On en revient à ses débuts, d’abord chez François Truffaud pour « Une belle fille comme moi » (1972) puis « Toute une vie » de Claude Lellouch (1974) puis tant d’autres, jusqu’au climax de « trois hommes et un couffin », de Coline Serreau (1985), « le film qui a tout déclenché ». On lui parle de quelques rôles marquants, dont le moins visuel d’entre tous, la voix off d’Amélie Poulain (2001), de Jean-Pierre Jeunet, qui mérite quelque explication tant elle est indissociable de l’histoire. Un personnage à part entière : « Ils cherchaient une voix mais ne la trouvaient pas. Parallèlement, je tournais un film de Jean Becker et ils m’ont essayé. J’avais fait pas mal de voix off avant, j’ai enregistré pas mal de romans, pour des radios notamment, j’aime assez.
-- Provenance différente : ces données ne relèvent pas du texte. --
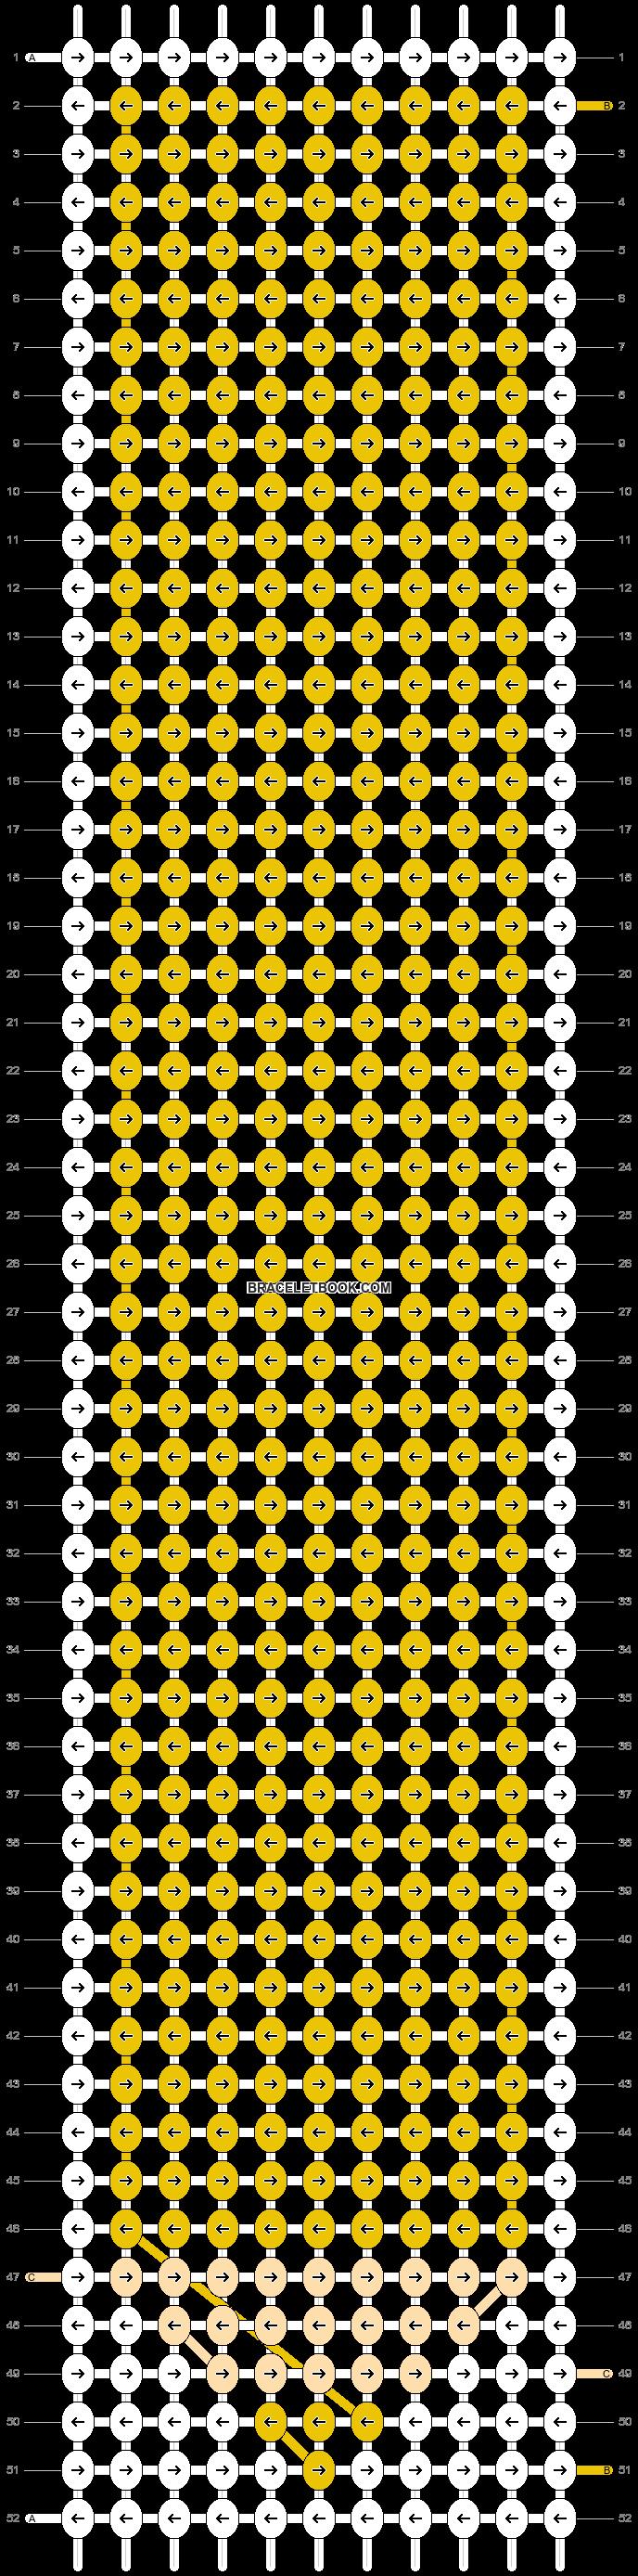 Alpha pattern #15410 variation #127943 pattern

Il y a une citation que j’aime, d’Orson Welles, ‘L’avantage de la radio sur le cinéma, c’est qu’à la radio l’écran est plus large.’ Quand on écoute la radio, on est actif, concentré, j’y ai toujours été sensible ». Acteur tout terrain, André Dussollier s’épanouit dans la diversité, « j’aime ne pas être dans une seule couleur même si j’apprécie la comédie. Faire rire, c’est palpable, la réaction est immédiate ». On attend l’homme aux 50 ans de carrière fin 2022 dans « le Torrent », d’Anne le Ny et en 2023 dans « Madeleine » de François Ozon. Jamais rassasié malgré ses quelque 140 pellicules au compteur. Géant, c’est le mot…
* Pascal Thomas a réalisé la trilogie tirée des romans d’Agatha Christie « Mon petit doigt m’a dit… » (2005), « le crime est notre affaire » (2008) et « Associés contre le crime » (2012).